Please write out exactly the line containing "Japanskt sakebryggeri gästar TAK" below and every line after it, through the last one, but leave out any pictures.

§ Provided data:
*** Block opens ***
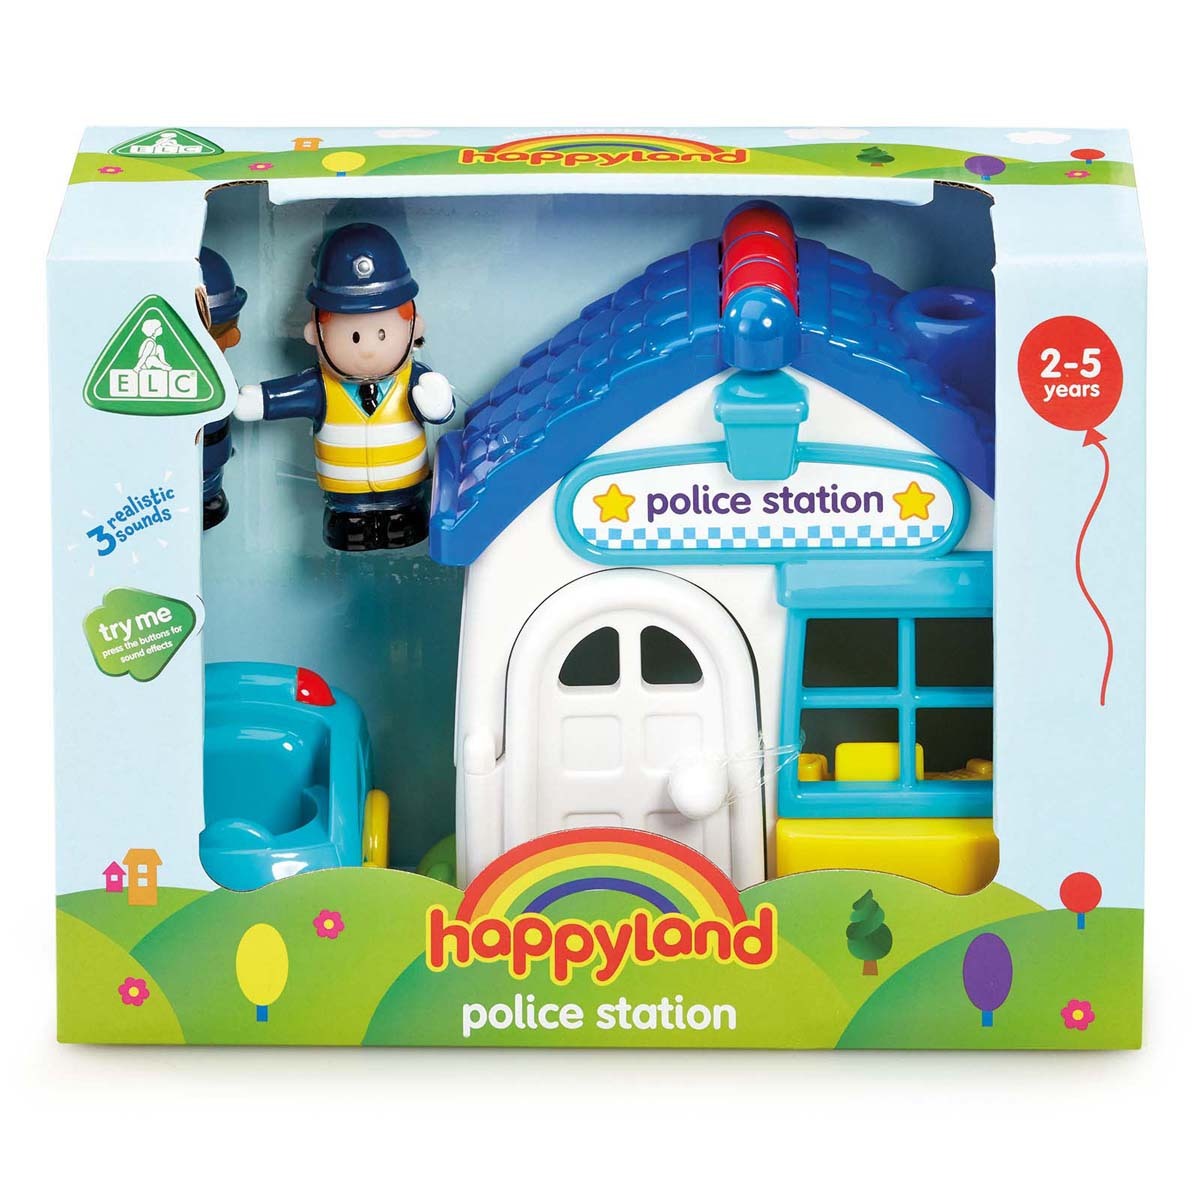 Happyland Police Station Playset
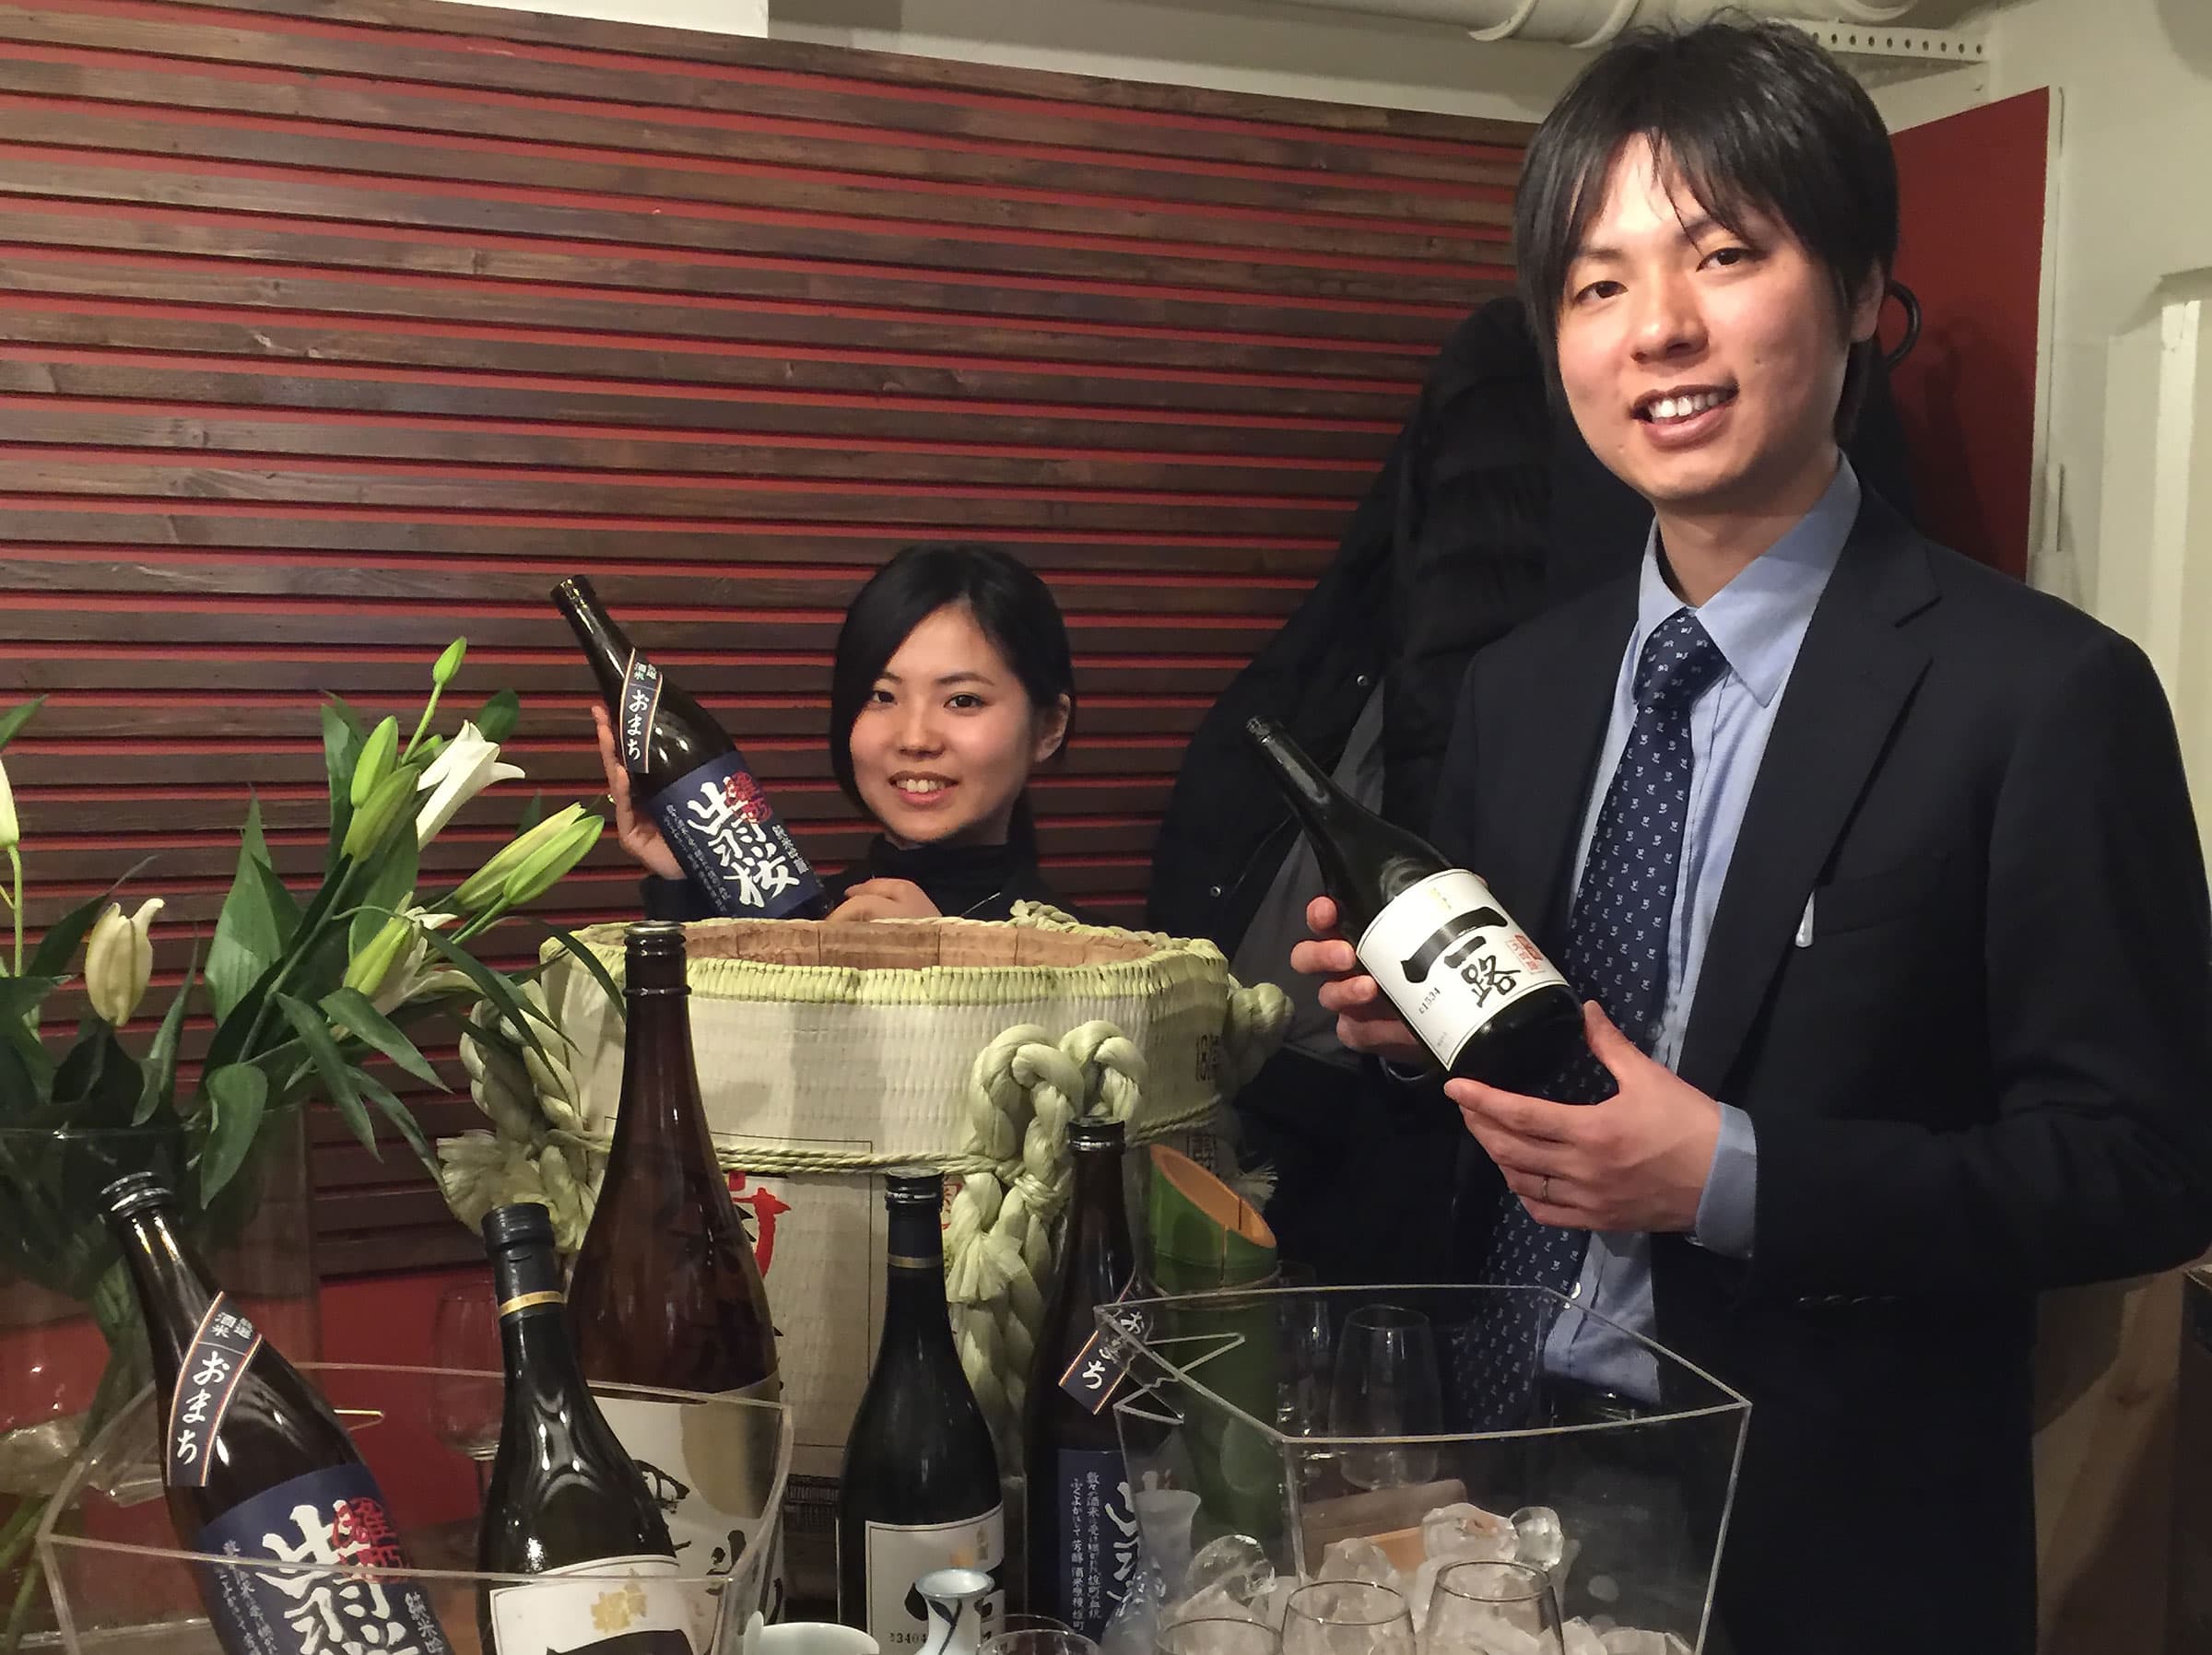 Japanskt sakebryggeri gästar TAK
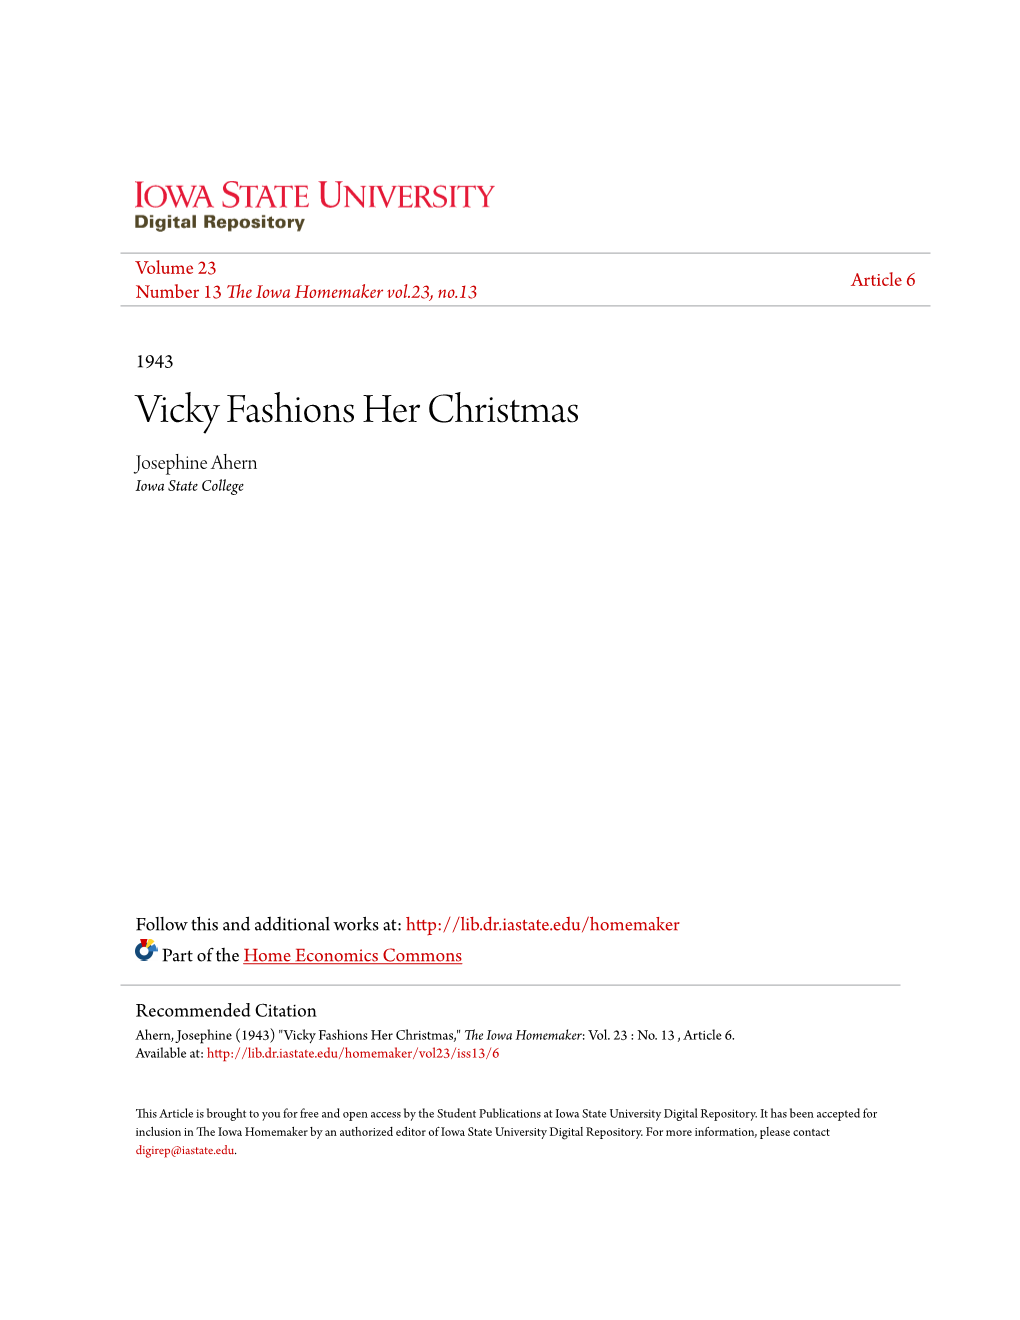 Vicky Fashions Her Christmas Josephine Ahern Iowa State College
*** Block closes ***
§ Reply:
 Japanskt sakebryggeri gästar TAK
 Vicky Fashions Her Christmas Josephine Ahern Iowa State College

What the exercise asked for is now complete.